It's no secret that many Detroiters are against the appointment of an emergency manager. Yet, many of those in opposition have taken their disapproval to new heights by seeking to uncover possible legislative loopholes.
A new federal lawsuit has been filed against Gov. Rick Snyder and Treasurer Andy Dillon by several union representatives, elected officials, activists and clergy. It's the latest in a string of legal challenges that represent the public outcry against what protesters consider a denial of democracy.
Deeming it an "unconstitutional" violation of voters' rights, some assert the EFM law overwhelming affects the state's African American population. Plaintiffs request an injunction be issued to reverse and outlaw Gov. Snyder's decision.

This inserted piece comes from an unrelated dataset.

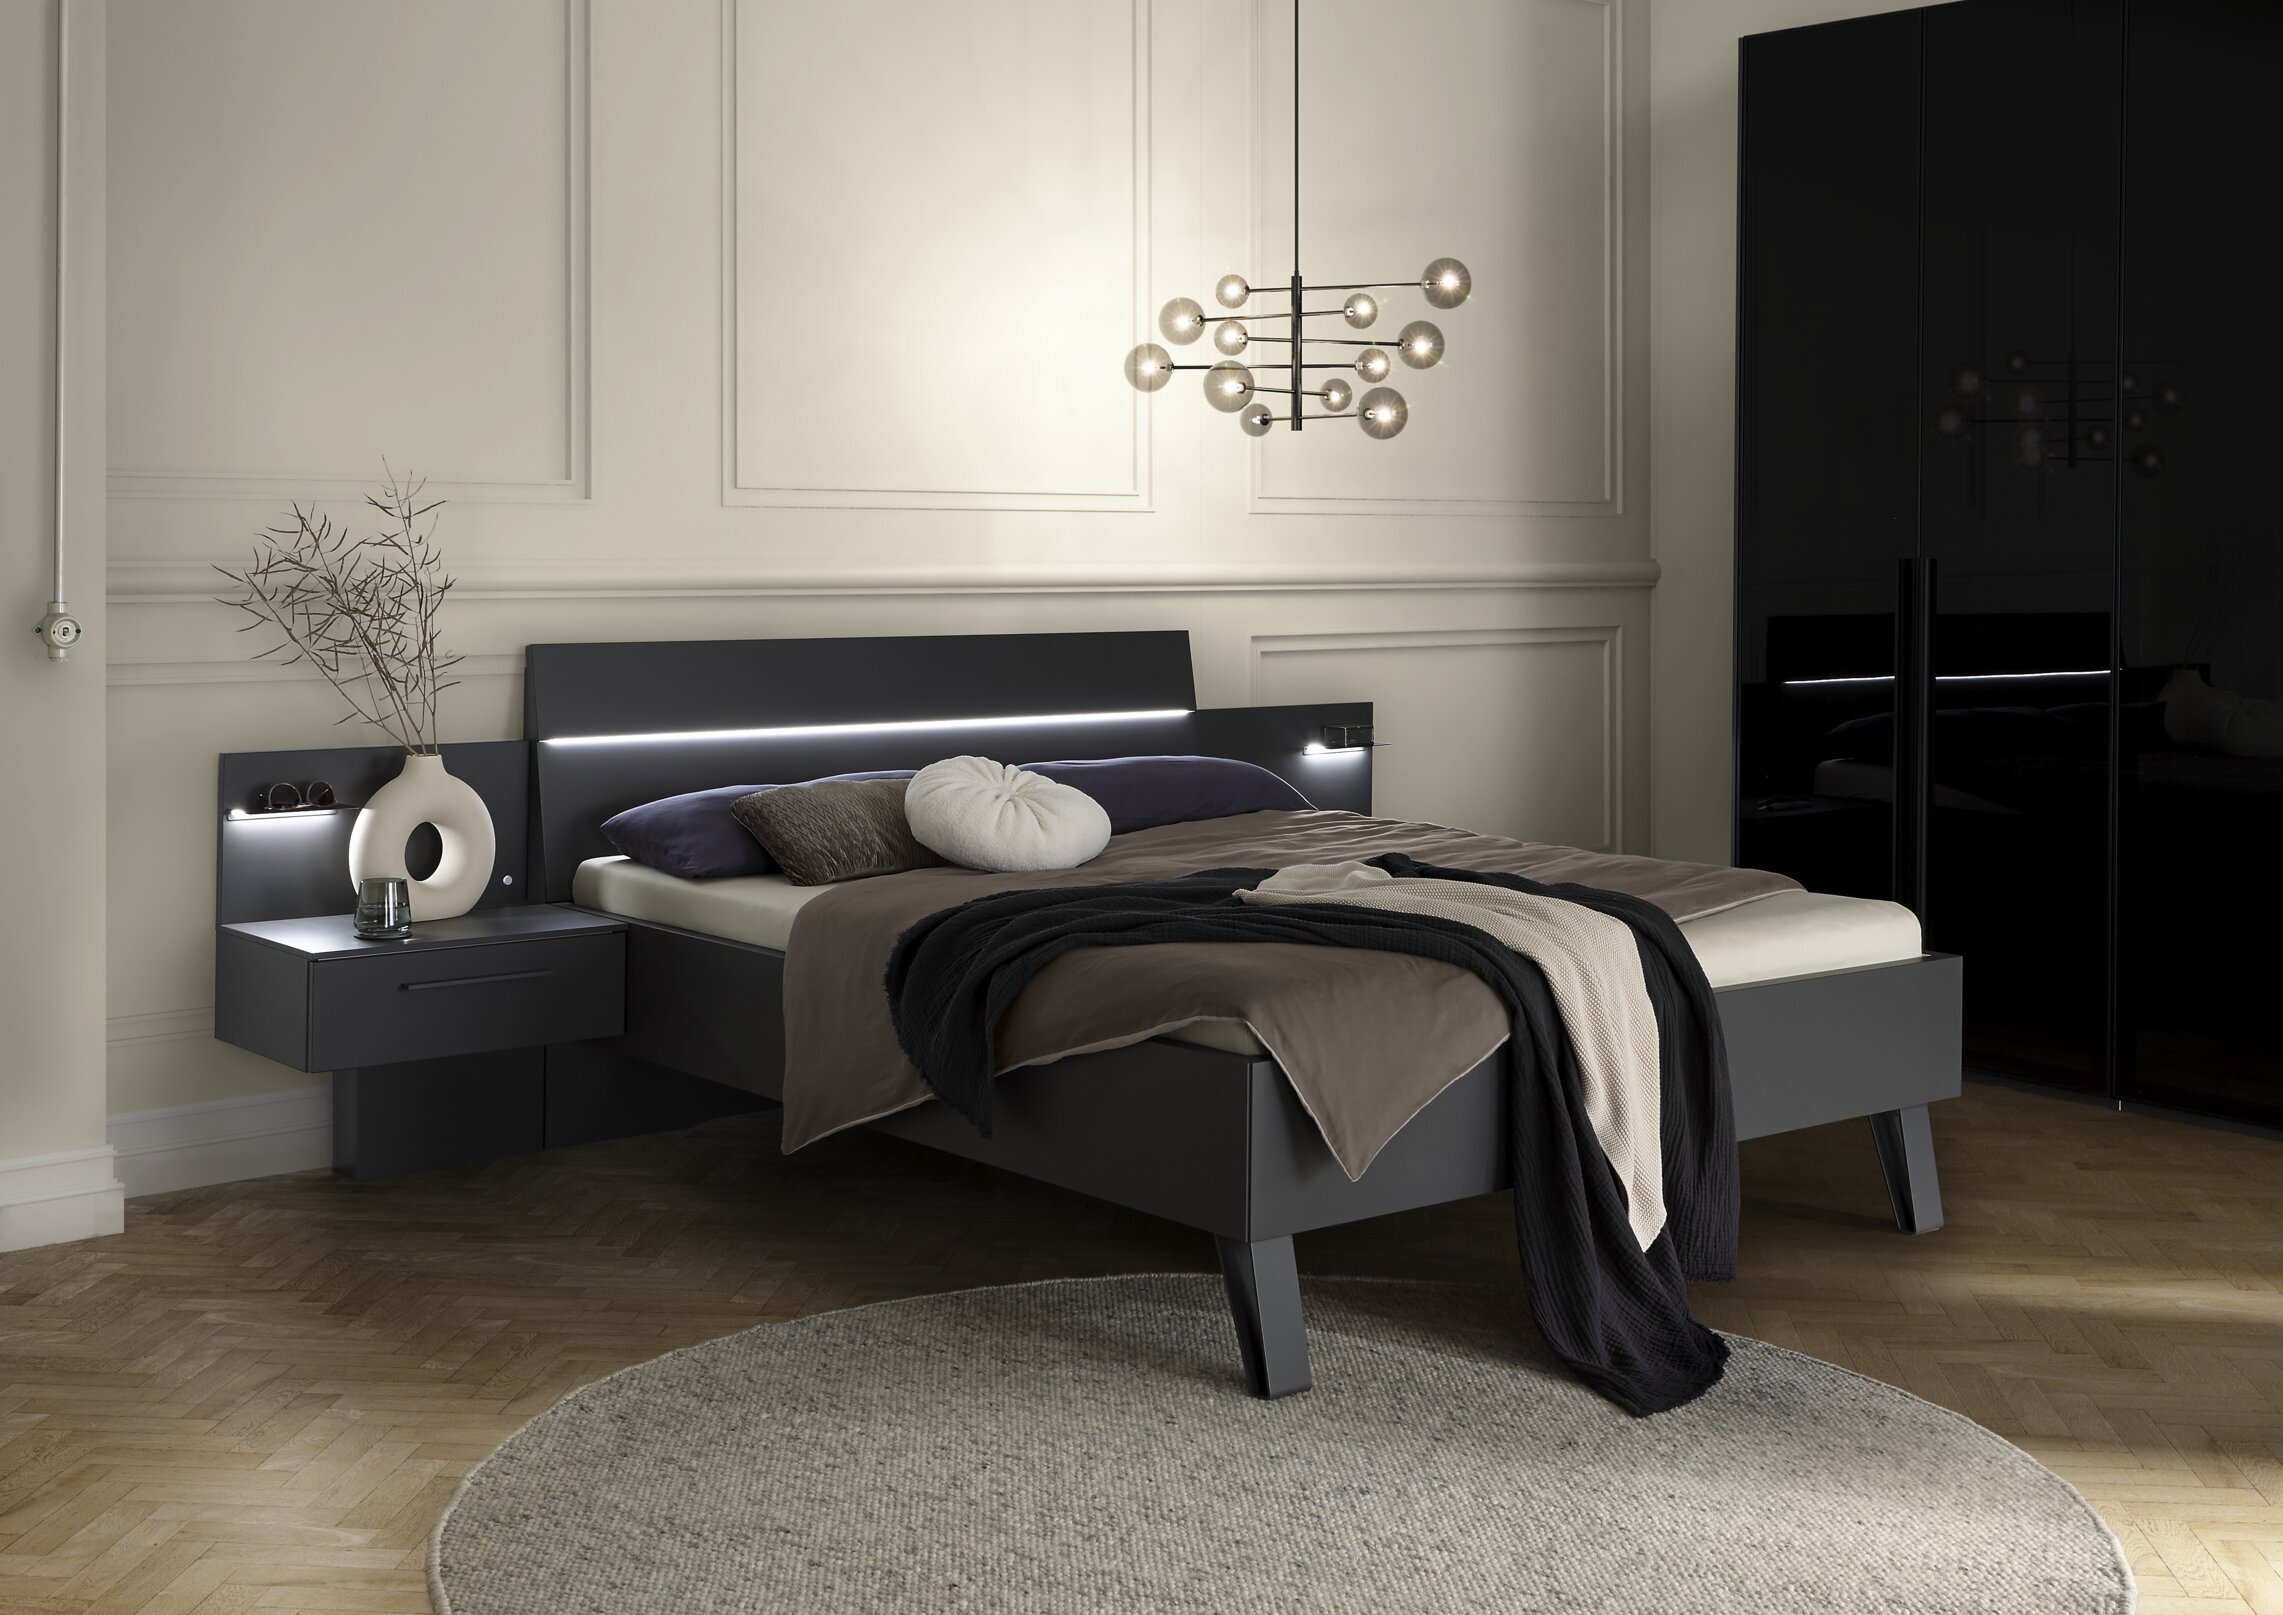 Bedrooms ma XX Shale grey lacquer 03 AM

Public Act 436 grants emergency managers the power to break or modify union contracts and override local officials. The law that took affect on Mar. 28 was passed in December by a lame-duck legislature and later, signed by Gov. Snyder. It restored EFM powers lost under Public Act 4, a piece of legislation that was repealed by voters in late 2012. The new law offers four options to distressed communities that include a consent agreement with the state, the appointment of an emergency manager, mediation or a Chapter 9 bankruptcy filing.

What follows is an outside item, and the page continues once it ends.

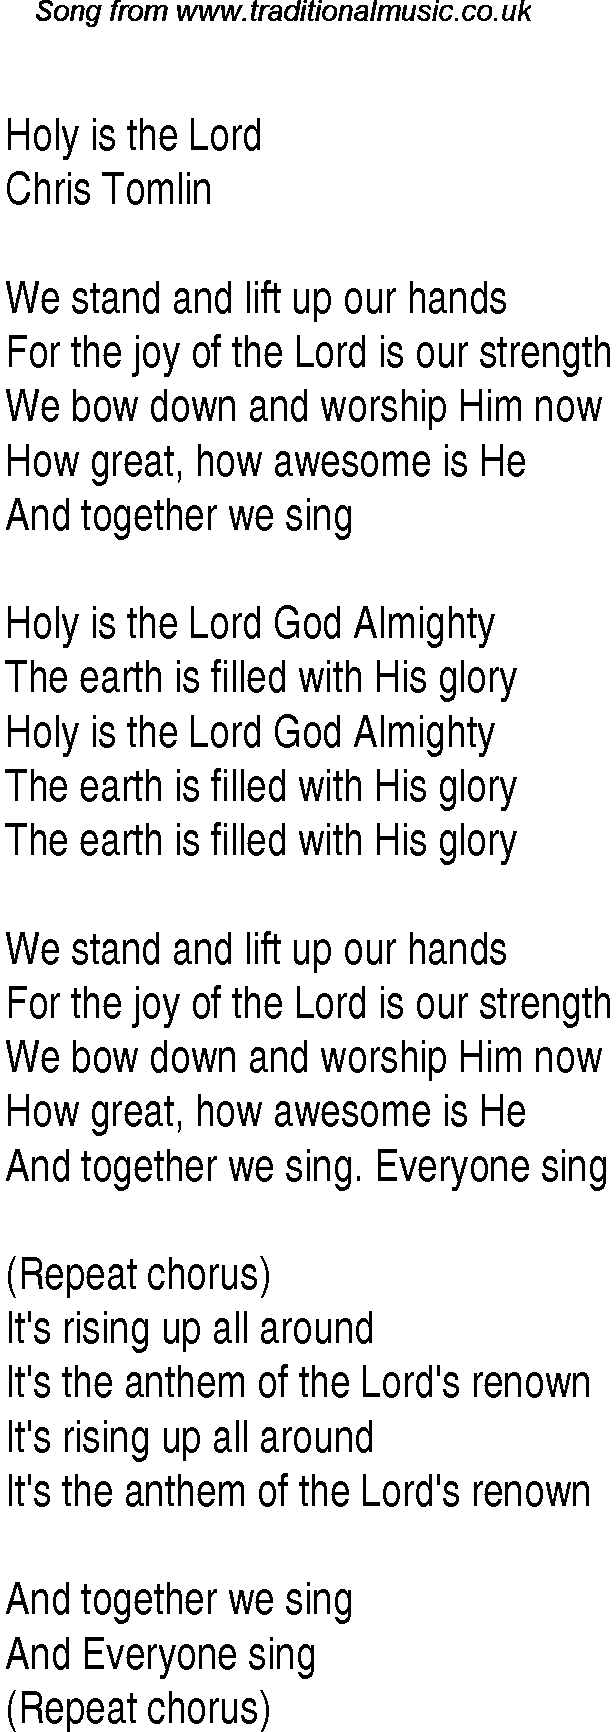 Gospel Song: holy-is-the-lord, lyrics and chords.

Some area politicians challenge the state's ability to "rewrite" a law they say was initially struck down by Michigan residents.
After 18 months, local officials have the ability to remove the emergency manager with two-thirds vote of their governing body. Cities with a strong mayor will require his or her approval to remove the EFM.
For the time being, the law remains in effect. It is one that, for all it's controversy among the city's residents, looks to be the long-standing sole option for addressing Detroit's financial burdens.